An der neuen Atomlagenabscheidungs-Anlage können die DCST-Forscher und -Forscherinnen nun auch atomdünne Metallschichten mit hoher Präzision erzeugen. Foto: Andre Wirsig für die TUD

An der neuen Atomlagenabscheidungs-Anlage können die DCST-Forscher und -Forscherinnen nun auch atomdünne Metallschichten mit hoher Präzision erzeugen. Foto: Andre Wirsig für die TUD

Sachsen geben Industriespionen harte Nüsse zu knacken – Millionenzuschüsse aus Forlab-Programm

Dresden, 2. Juni 2021. Dresdner Mikroelektronik-Forscher arbeiten an neuartigen Verschleierungs-Schaltkreisen, die besonders gut gegen Industriespione geschützt sind: „Diese Chips können verbergen, was sie eigentlich tun und wie sie aufgebaut sind“, berichtet Professor Thomas Mikolajick von der Technischen Universität Dresden (TUD). Dabei setzen die Nanoelektroniker rekonfigurierbare Bauelemente ein. Deren elektronische Schaltungen bestehen zum Beispiel aus winzigen Siliziumdrähte, die sich im laufenden Betrieb auf der Hardware-Ebene zu immer neuen Chipfunktionen umschalten lassen.

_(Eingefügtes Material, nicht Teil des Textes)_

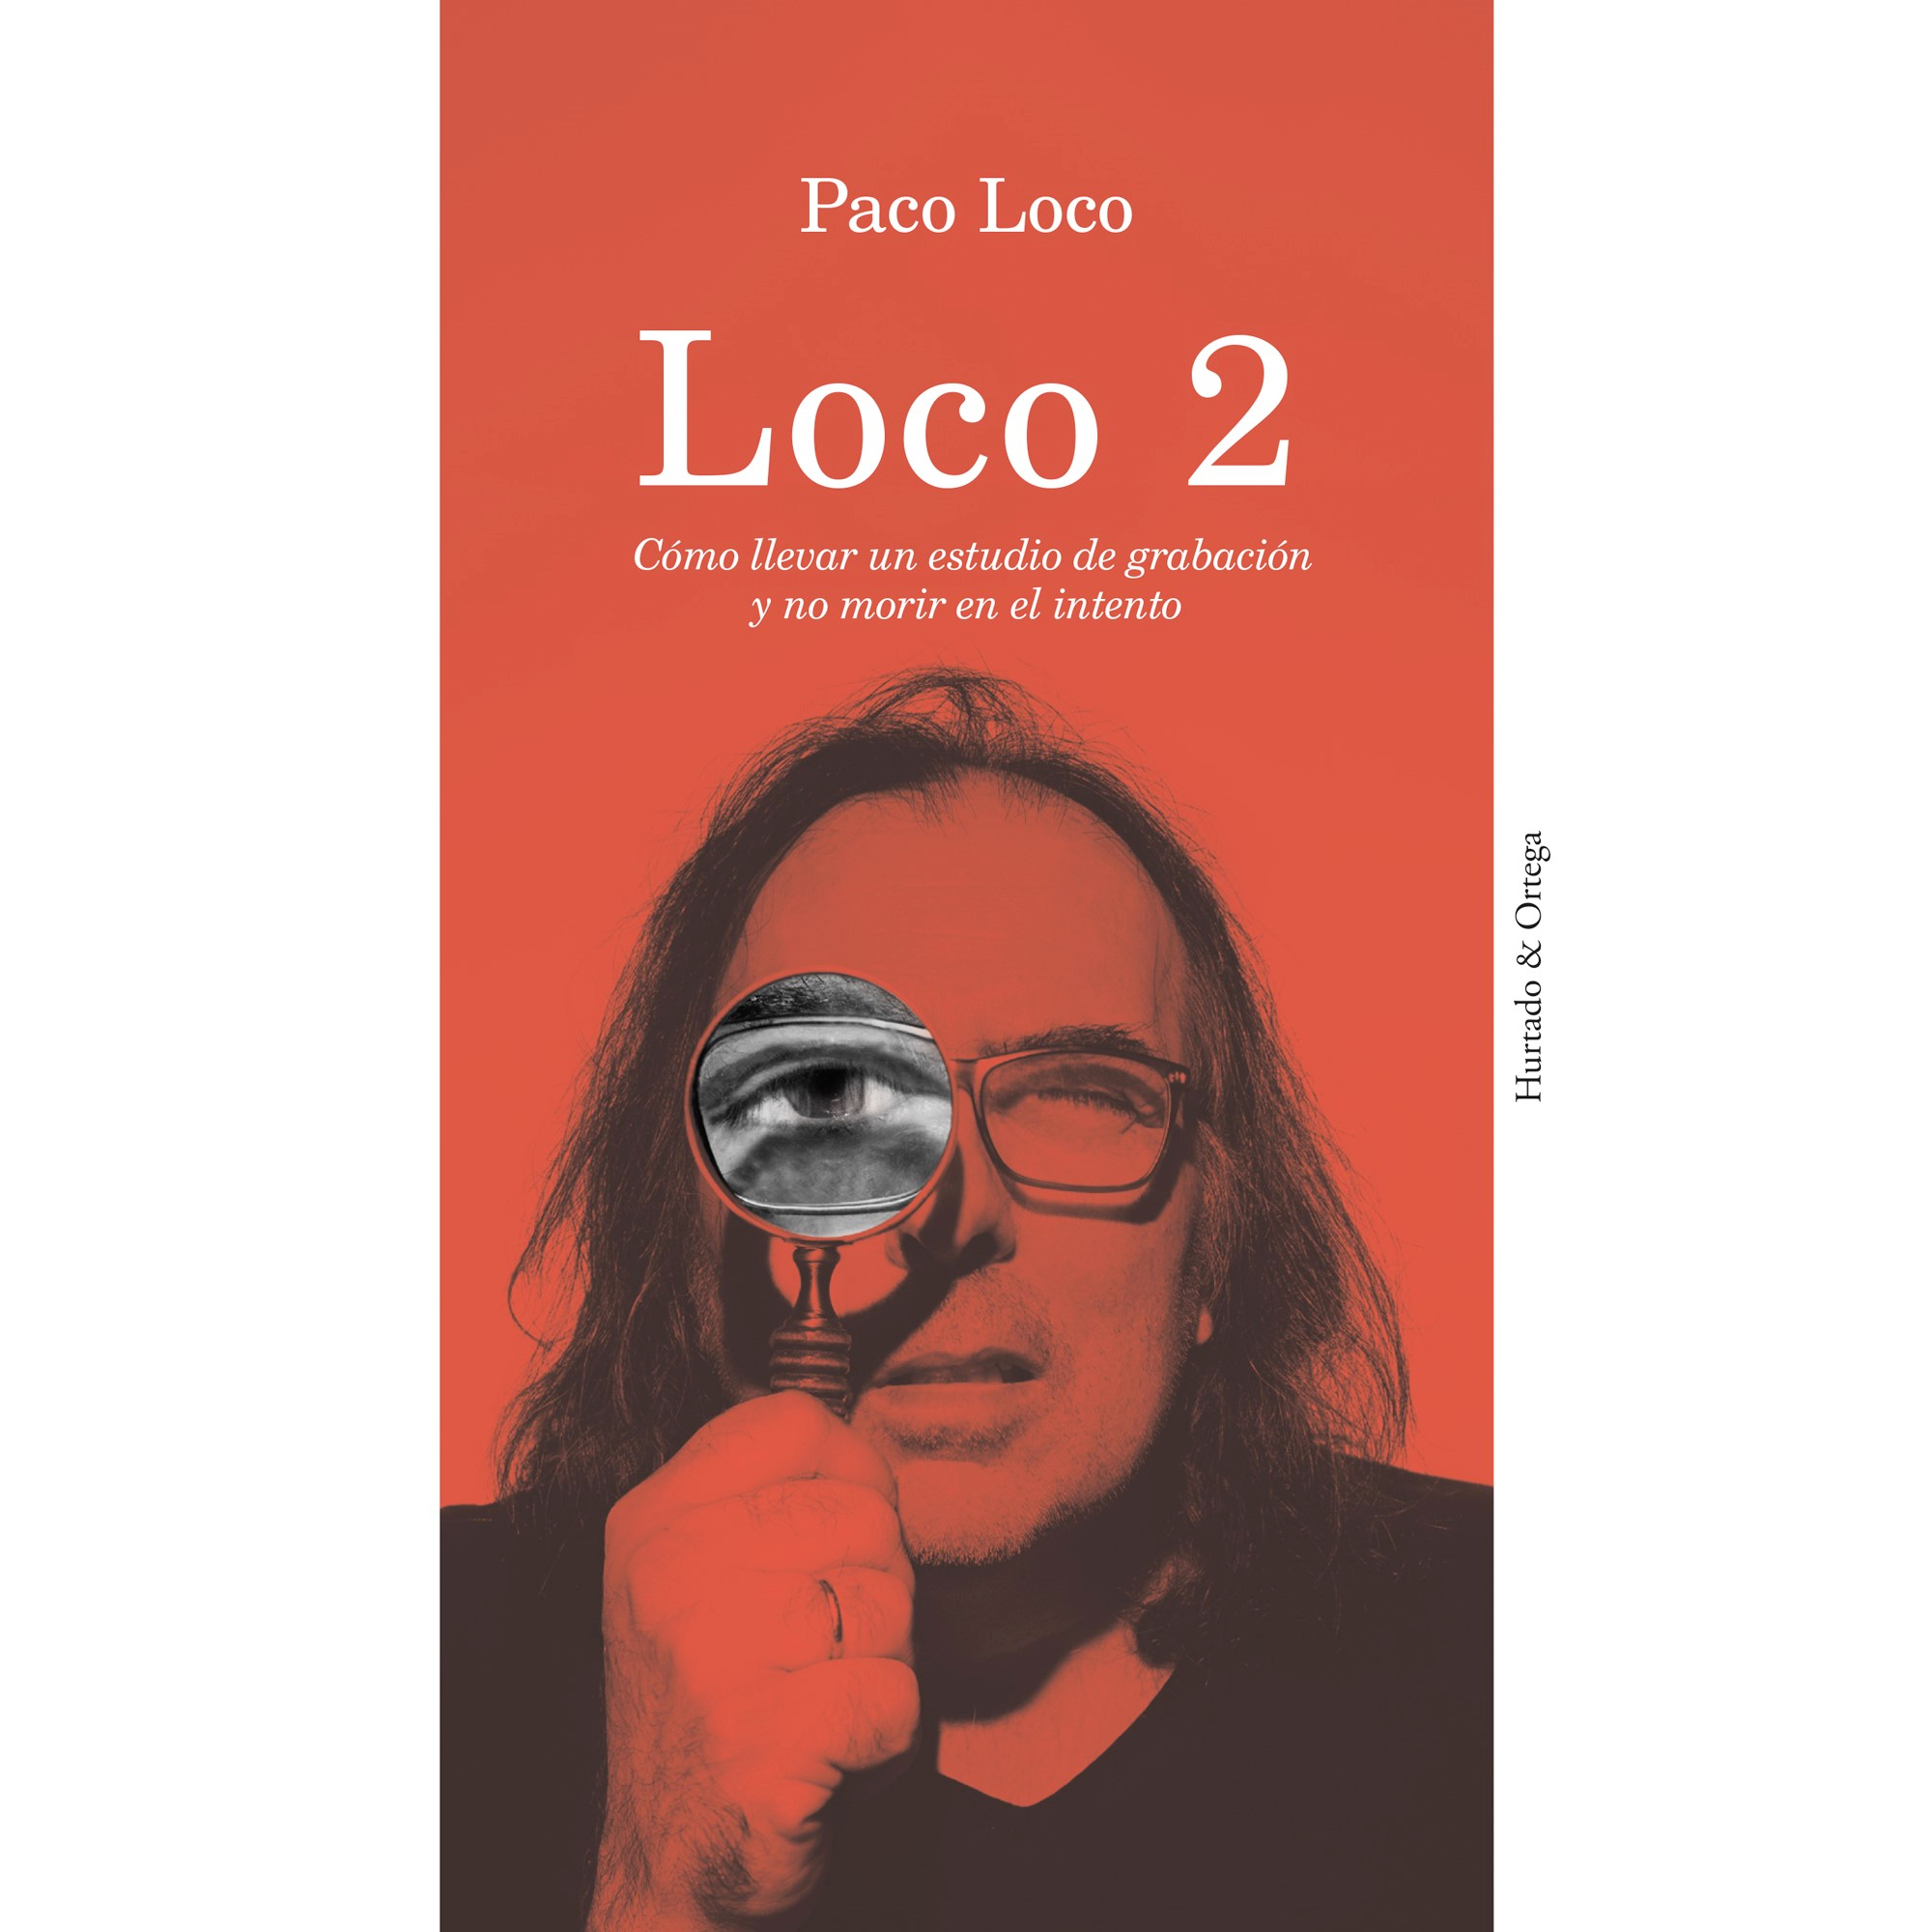 "Loco 2" de Paco Loco

So etwa sehen die rekonfigurierbaren Bauelemente - hier ein Inverter aus Nanodraht-Transistoren - unterm Mikróskop aus. An der Entwicklung dieser Technologie waren das CFAED, die TU-Tochter Namlab, das DCST, das HZDR und weitere Partner beteiligt. Abbildung: Namlab

So etwa sehen die rekonfigurierbaren Bauelemente – hier ein Inverter aus Nanodraht-Transistoren – unterm Mikroskop aus. An der Entwicklung dieser Technologie waren das CFAED, die TU-Tochter Namlab, das DCST, das HZDR und weitere Partner beteiligt. Abbildung: Namlab

Copy-Cats kommen mit Aufsägen nicht mehr weiter

Damit lassen sich neue, flexiblere Elektronikprodukte konstruieren. Zudem macht diese Technik kriminellen Konkurrenten und technologiehungrigen Geheimdienstlern aus boykottierten Staaten das Leben schwer: Früher genügte es, einen Schaltkreis aufzusägen, um seinen Aufbau zu analysieren („Re-Engineering“) und ihn dann nachzubauen. Das ist wegen der Komplexität heutiger Prozessoren ohnehin schon schwieriger geworden. Aber rekonfigurierbaren Bauelementen können Außenstehende überhaupt nicht mehr ansehen, wozu sie gut sind. Auch aus dem Stromverbrauch lassen sich bei den Dresdner Lösungen keine Rückschlüsse mehr ziehen. „Viele Mikroelektronik-Unternehmen haben schon Interesse an dieser Technologie angemeldet“, sagt Thomas Mikolajick. Allerdings werde es noch einige Jahre dauern, bis solche verschleierten Chips Alltagsware sind.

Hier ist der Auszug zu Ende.